The present invention relates to a method for detecting an object of a vehicle, and more particularly, to a method for detecting an object of a vehicle to detect a position of an object from the vehicle by using a reception signal arrival time and size in a plurality of sensors installed in the vehicle.

In general, an object detecting apparatus for informing the presence of an object is widely used in a vehicle to prevent a collision with an object in an area where a driver cannot secure a view. Such an object detecting device is usefully used when the vehicle is parked, and when the distance to the object is closer than a preset reference value, a warning sound is generated to inform the driver.

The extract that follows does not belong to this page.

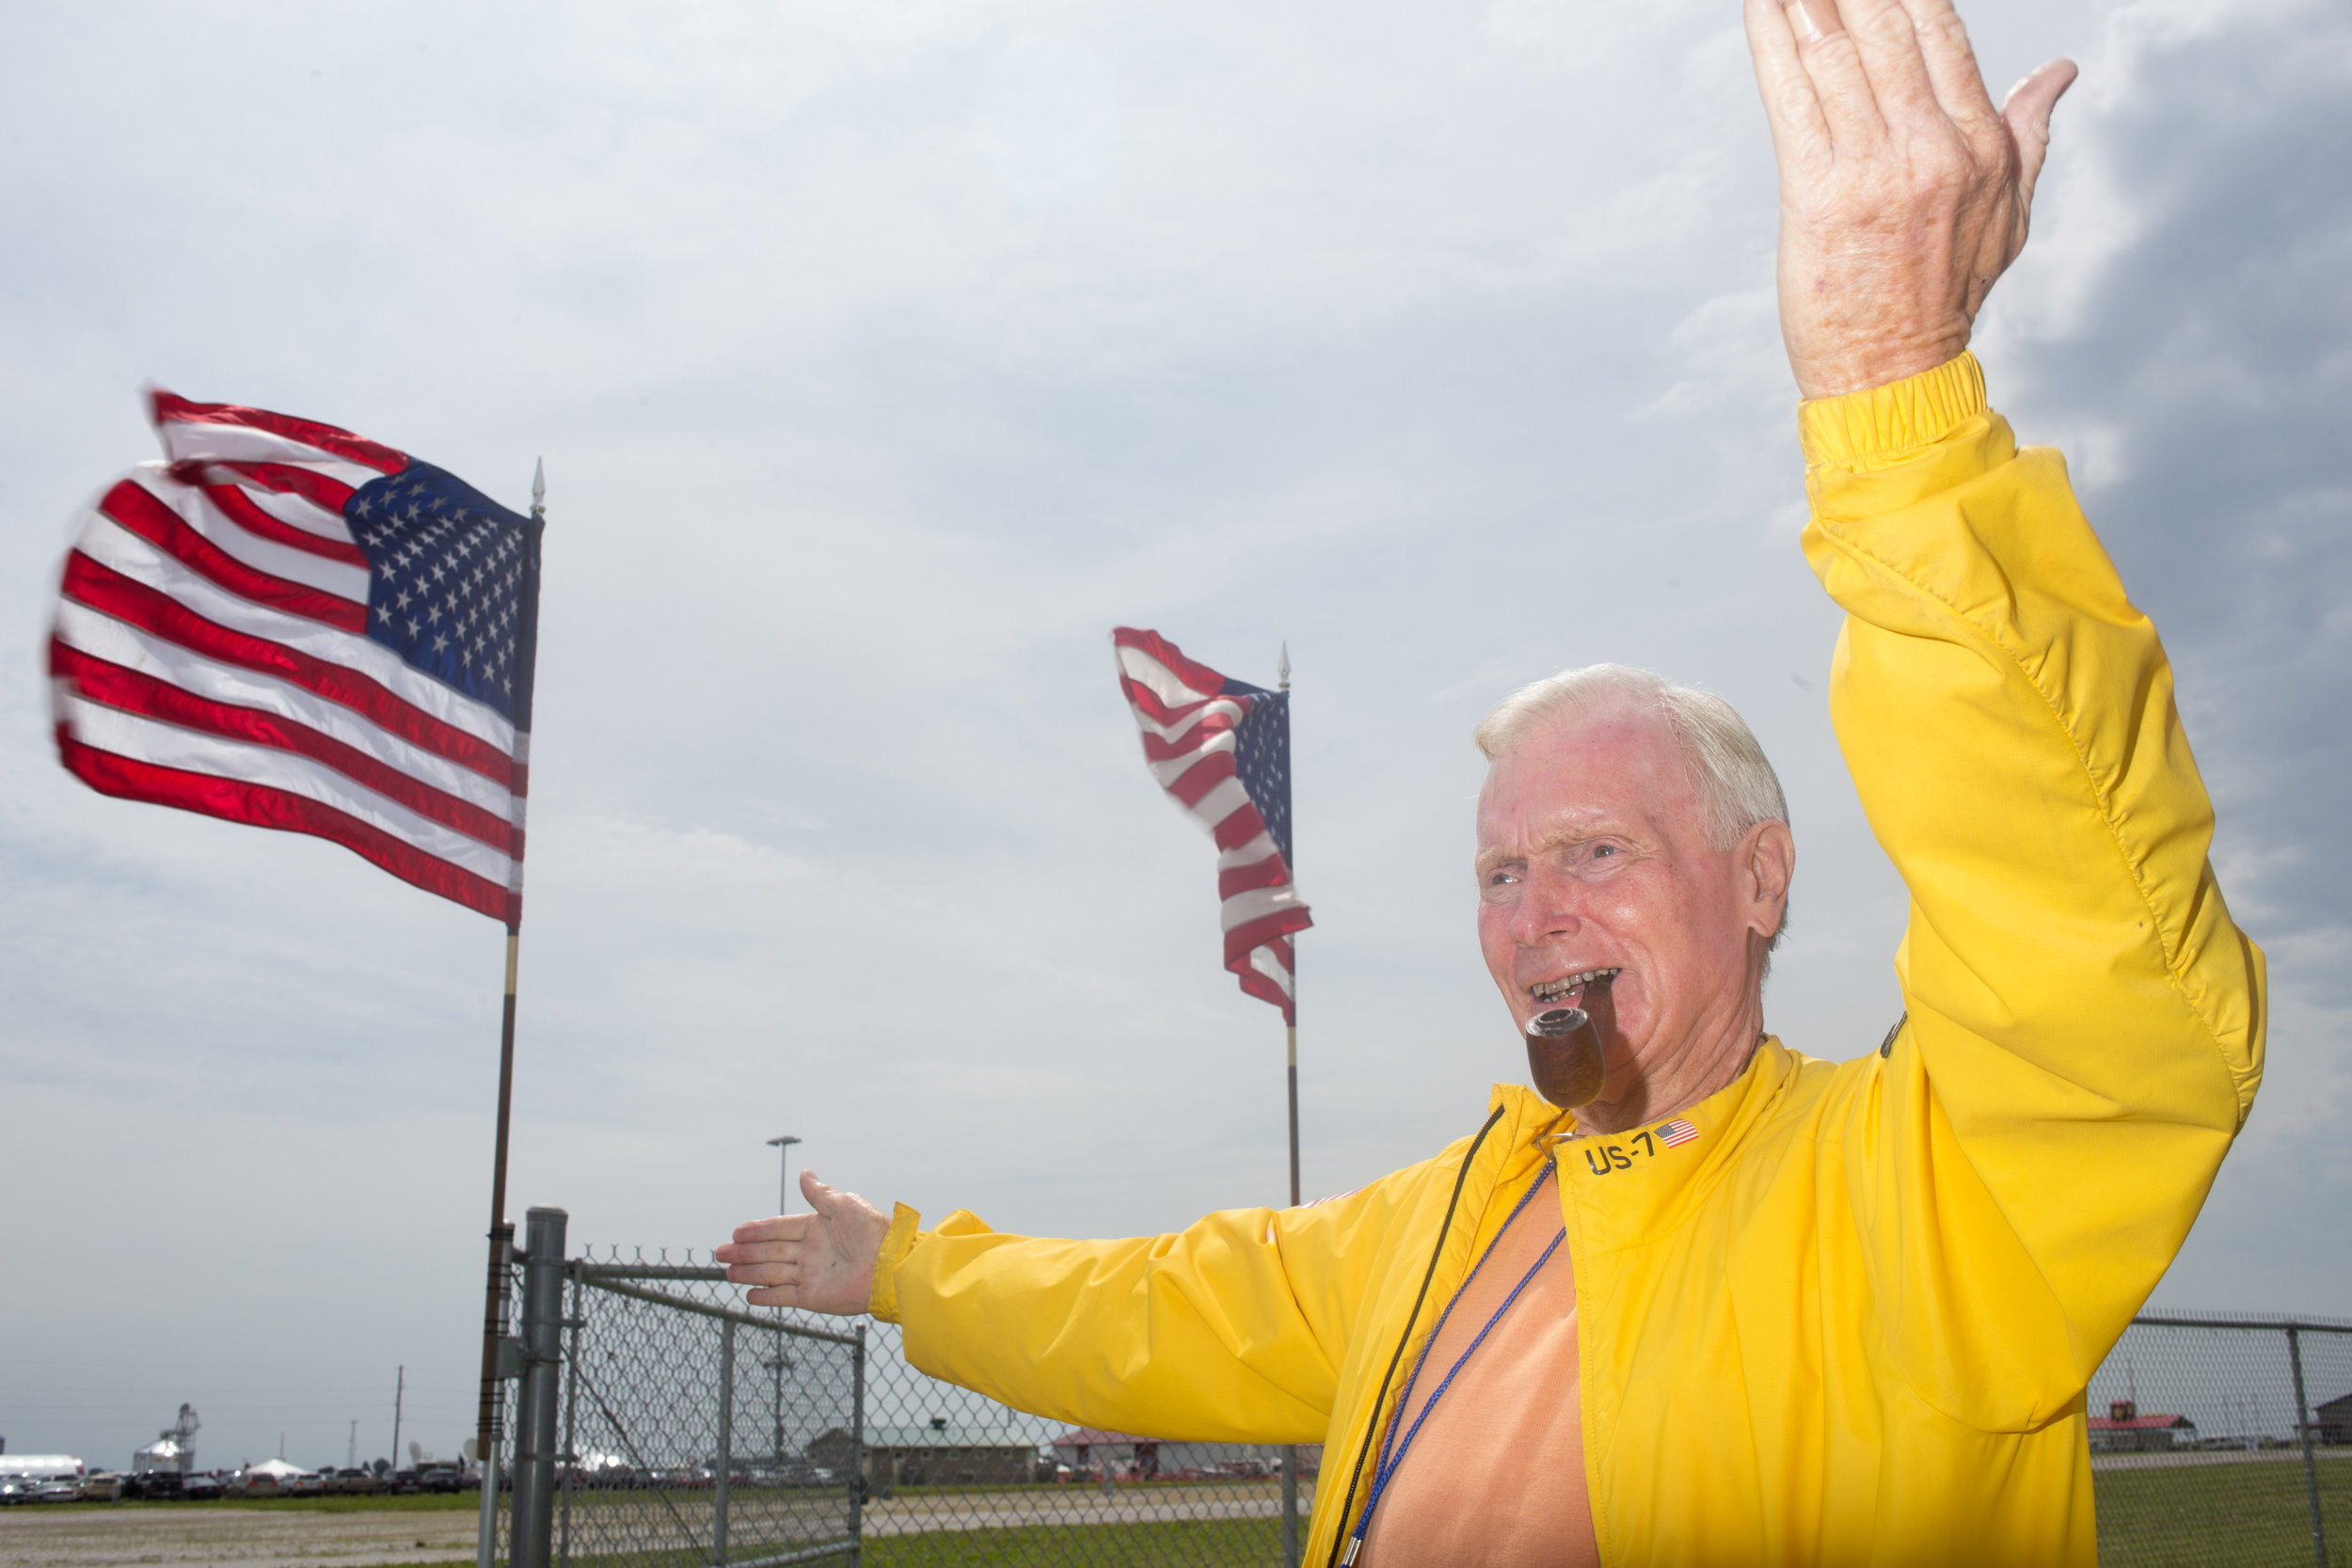  A man directs traffic at Senator Joni Ernst's First Annual Roast &amp; Ride on June 6, 2015 in Boone, Iowa.  
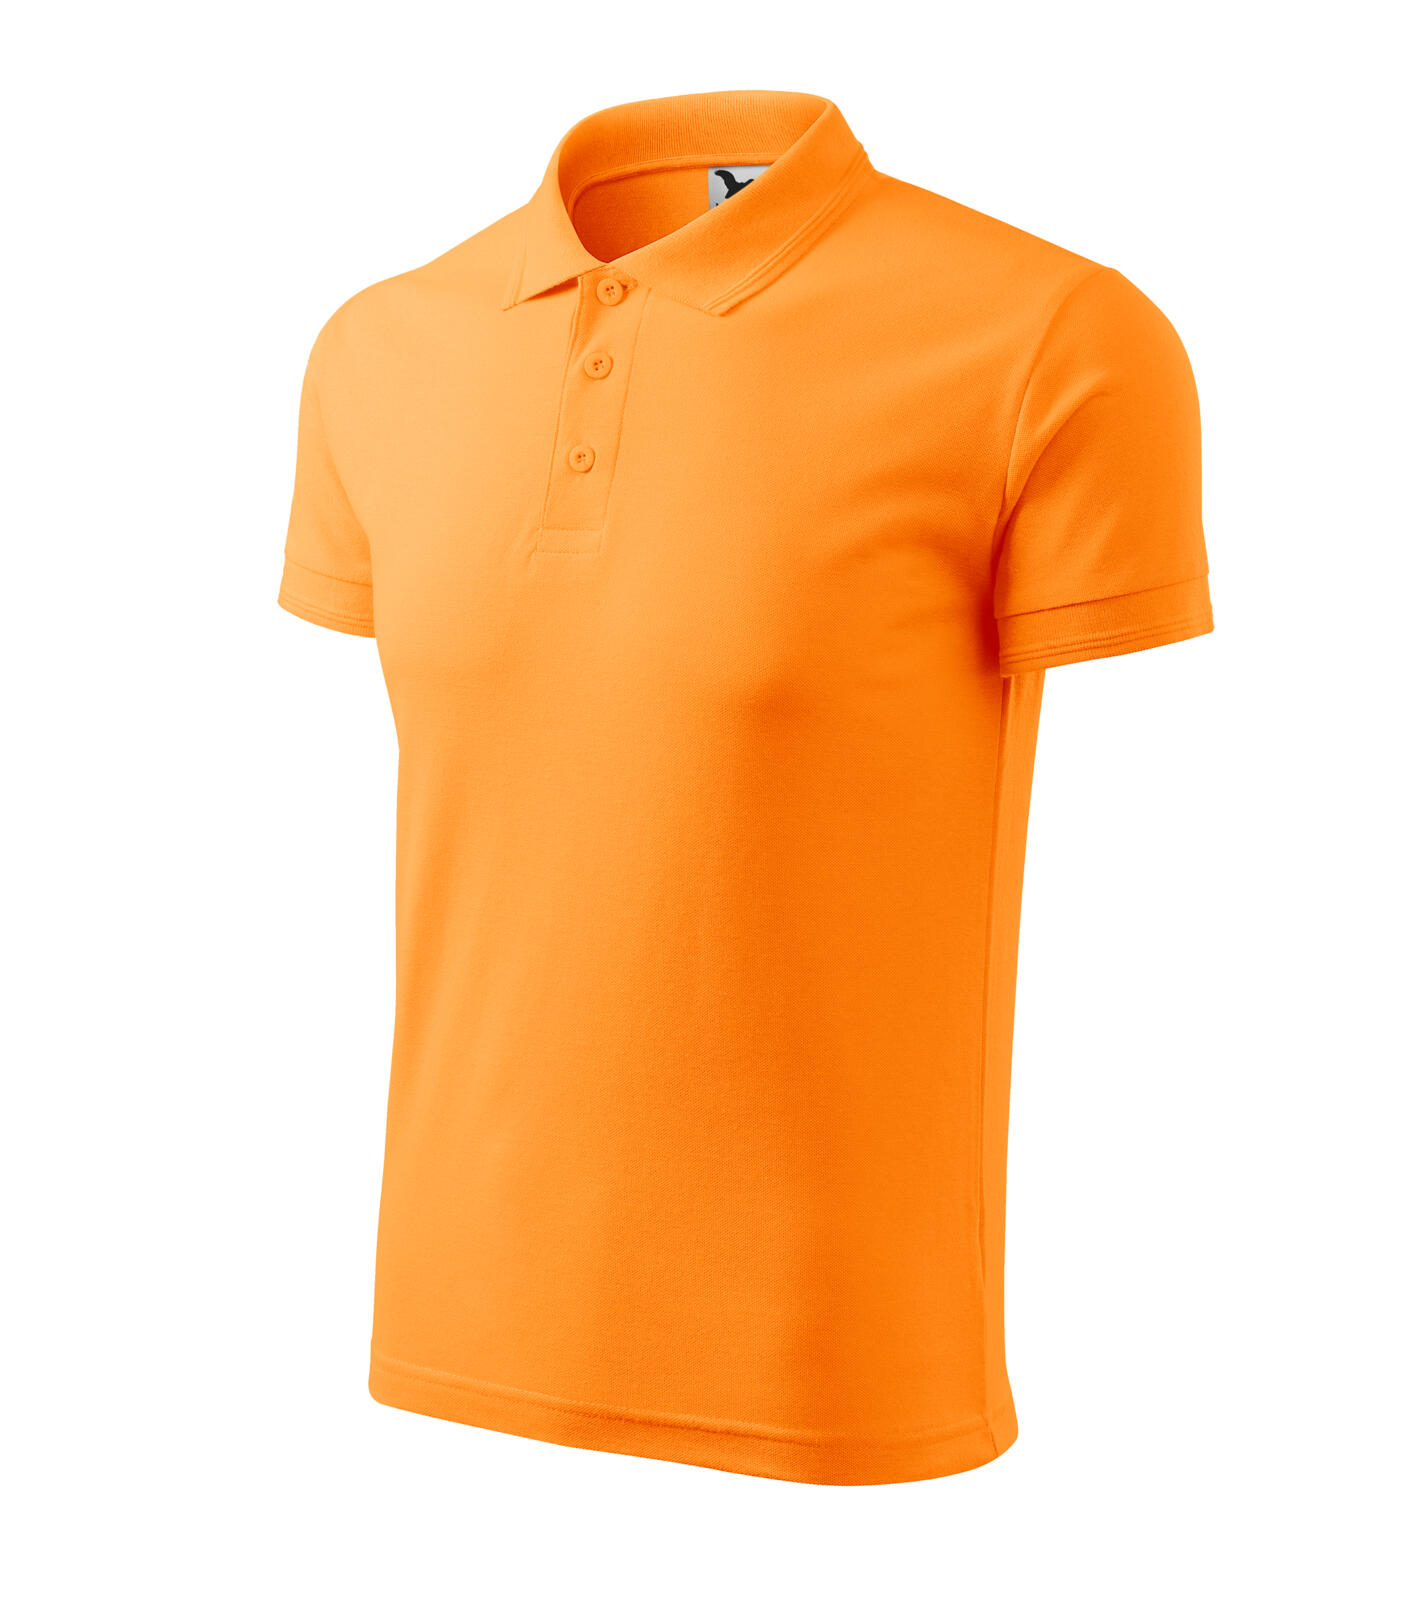 Pique Polo Polokošile pánská Barva: tangerine orange, Velikost: 2XL

In general, an ultrasonic sensor or an infrared sensor is mainly used for an object detecting apparatus of a vehicle. The ultrasonic sensor detects the position or distance of an object by using high frequency sound of 20-30㎑ which is inaudible to the human ear. The ultrasonic sensor detects the distance to the object by using ultrasonic waves reflected from the object. In addition, the infrared sensor detects the distance by the intensity of the light after firing the infrared.

However, in the conventional object detecting apparatus, it is difficult to check the accuracy of the distance measurement because the ultrasonic sensor repeatedly transmits ultrasonic waves and receives ultrasonic waves reflected from the object to detect the object and measure the distance. If the object is left or right while moving backwards or the object moves, there is a problem that the accuracy of distance measurement of the object is lowered.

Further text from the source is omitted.